Understanding Bar Codes, ASINs, ISBNs, SKUs, etc.


If you have been selling on eBay or Amazon for a while, you may already know most of this, but I get questions from new sellers often enough that I know there is some confusion out there. So here is an article that explains the basics.

With the millions of products available, how does a seller keep track of the inventory? In the past, businesses hire employees who manually track merchandise causing significant costs in terms of money and time. Good thing, the advent of bar codes had begun.

Bar codes are technically called, Global Trade Item Numbers (GTINs), are unique product identifiers, which make obtaining product information across different databases and platforms easier. It’s a symbol, which, when scanned, will show the unique attribute of a product.

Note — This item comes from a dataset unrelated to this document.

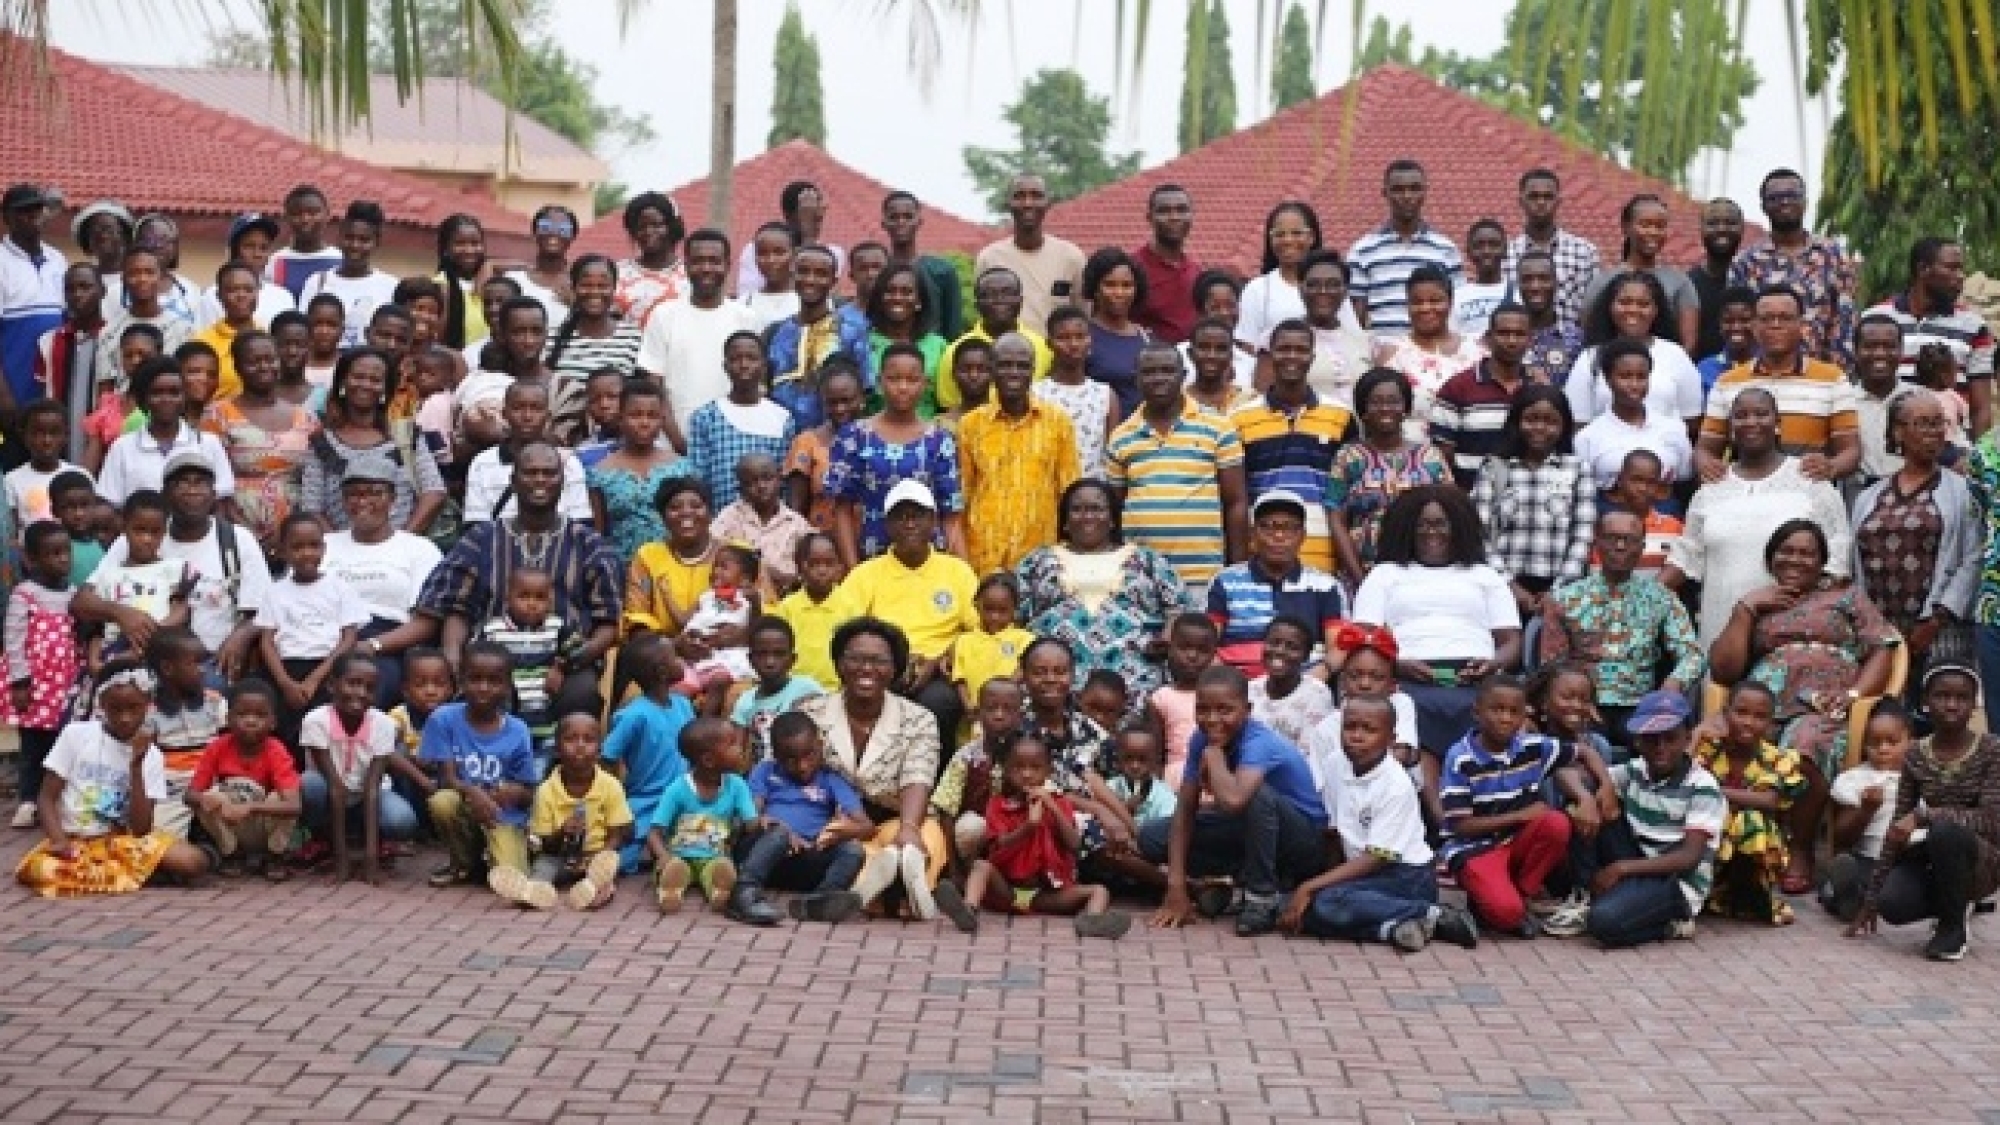 Know God And Have Eternal Walk With Him – Apostle Asare Tells Pastors’ Children

With bar codes, operational efficiency is realized because these entail faster and more accurate recording of information– so time is saved, errors are reduced and all in all, costs are cut. Aside from these, putting barcodes in your products would enable you to meet business regulatory requirements, since agencies and online selling platforms such as Amazon, now require unique identifiers in products.

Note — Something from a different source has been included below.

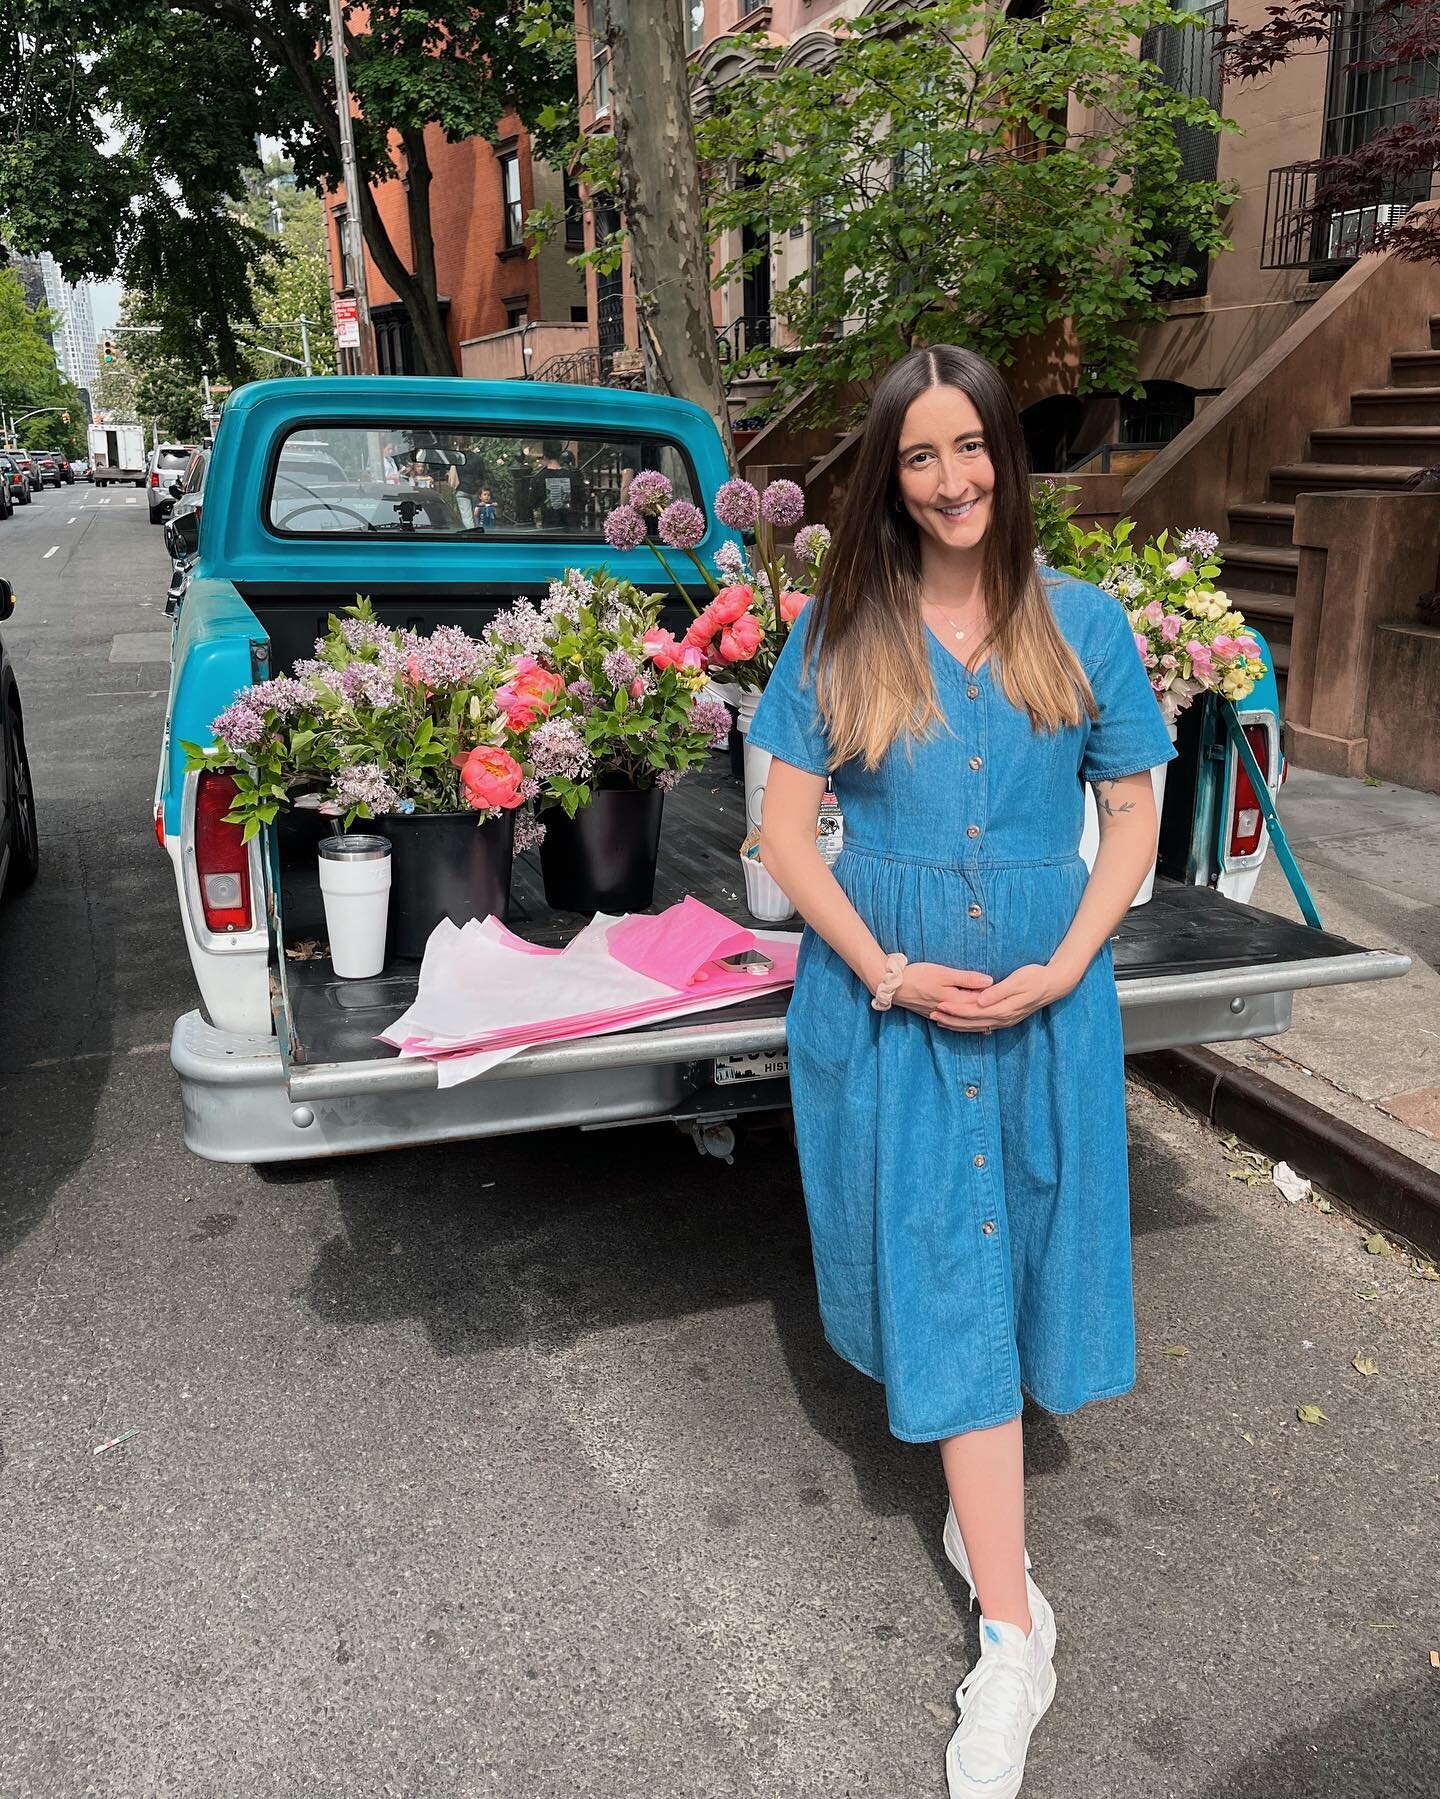 Happy Mother&rsquo;s Day to all the mamas and mama-figures. It was so fun to flower for you yesterday at my last pop up before welcoming my first little one in June. Excited to teach my little guy the magic of flowers. 💞

As a general rule, you need a bar code in order to sell a product in Amazon. Amazon requires this in order to reduce, or even eliminate duplicate product listings and incorrect search matches, and because items with barcodes are more efficient to receive and ship to customers.

So far, there are five main types of barcodes used in Amazon:

· International Standard Book Number (ISBN)– This is found in books, CDs and DVDs and can come in both 13 and 10-digit numbers.

· Universal Product Codes (UPCs)—This code system was developed in the United States and has been widely used in North America, UK, Australia and New Zealand

· European Article Number (EAN)—Invented by the French, this is a superset of the UPC system, and is used worldwide for products that are sold at retail point of sale.

· Japanese Article Number (JAN)—This is what product identification numbers in Japan are called.

· Amazon Standard Identification Number (ASIN)—Amazon assigns its own version of barcodes to items that are uploaded into their inventory. This is a code system that is unique to the Amazon marketplace. If you know the ASIN of an item, you can type it into the Amazon search box and it will come up.

Amazon requires a UPC (or EAN) number for almost any product you list on Amazon. If you want to sell an item that does not have a UPC number, or if you are creating a unique item such as a bundle of products, then you will need to purchase a UPC number. Note – If you are creating an item on Amazon that requires you to purchase a UPC number, you only need the number – not the actual bar code artwork/graphic. This is because you generate your own bar code label when you create a shipment to Amazon. That label identifies both the product and who it belongs to so Amazon knows who to pay when the item sells.

How to Obtain Bar Codes

There are companies nowadays who sell/ lease bar codes.  One service I use is Bar Codes Talk, They have sold over 4 million barcodes (and counting) and have satisfied a lot of clients. But there are plenty of websites that sell bar codes. Another good supplier is Nationwide Barcodes.  Their site also includes a lot of good information.  Bar Codes Talk is very popular with eBay and Amazon sellers.

Ideally, barcodes are integrated into the design of your item, so if what you will be selling is not yet manufactured, then you may want to coordinate with your barcode vendor so that the product identifier will be incorporated with the design. But if your product is already manufactured, then you can still easily obtain bar code labels.

Bar codes help you achieve operational efficiency, plus, it allows you to sell in one of the world’s busiest online selling platforms.

Seller SKUs

SKU stands for Stock Keeping Unit and it’s a number that you generate to help you keep track of your inventory. There are several systems to create and track SKUs. Here is one way I do mine:

The first letter stands for the category of product – J for Jewelry, B for Books, K for Knives and so on.

The next letter is the month I bought the item and listed it on eBay or Amazon, so a SKU that started with B3 would be a book I sent into Amazon in March.

Next, I put the cost of the item. I use the simple “paintbrush” code. Paintbrush is a ten-letter word with no letters that repeat, so each letter stands for a number. A SKU that started out B3PNH would be a book, I sent in March that cost me $1.40. Then I usually come up with some type of abbreviation to identify the product. So if the book was Tom Clancy’s Hunt for Red October the code might be B3PHH-RO. The RO would stand for Red October. (Some other ten-letter words with no repeating letters include: Cumberland, springvale, pathfinder, monkeyspit, motherland, crazywomen and falconview).

If you tend to sell a lot of items from one supplier, another way to go is to use the initials of the supplier and the part number of the item. So for my Novobead jewelry, I might use NB4105. The advantage of this is that I can search the term Novobeads in my Amazon inventory and the SKUs will come up in order. So if I sort by quantity, I can see which beads I am out of, or low on stock and I have a nice list with the part numbers to place on my order sheet. See image below:

The column after the price is quantity inbound.  The next column is the quantity on hand in FBA. (This is the column I sort to see what I am low on).  So if I want to place an order with my supplier, I just use the SKU number without the letters NB as that is the manufacturer’s part number.  The next column is any unfulfillable quantity and the last column shows if any are reserved.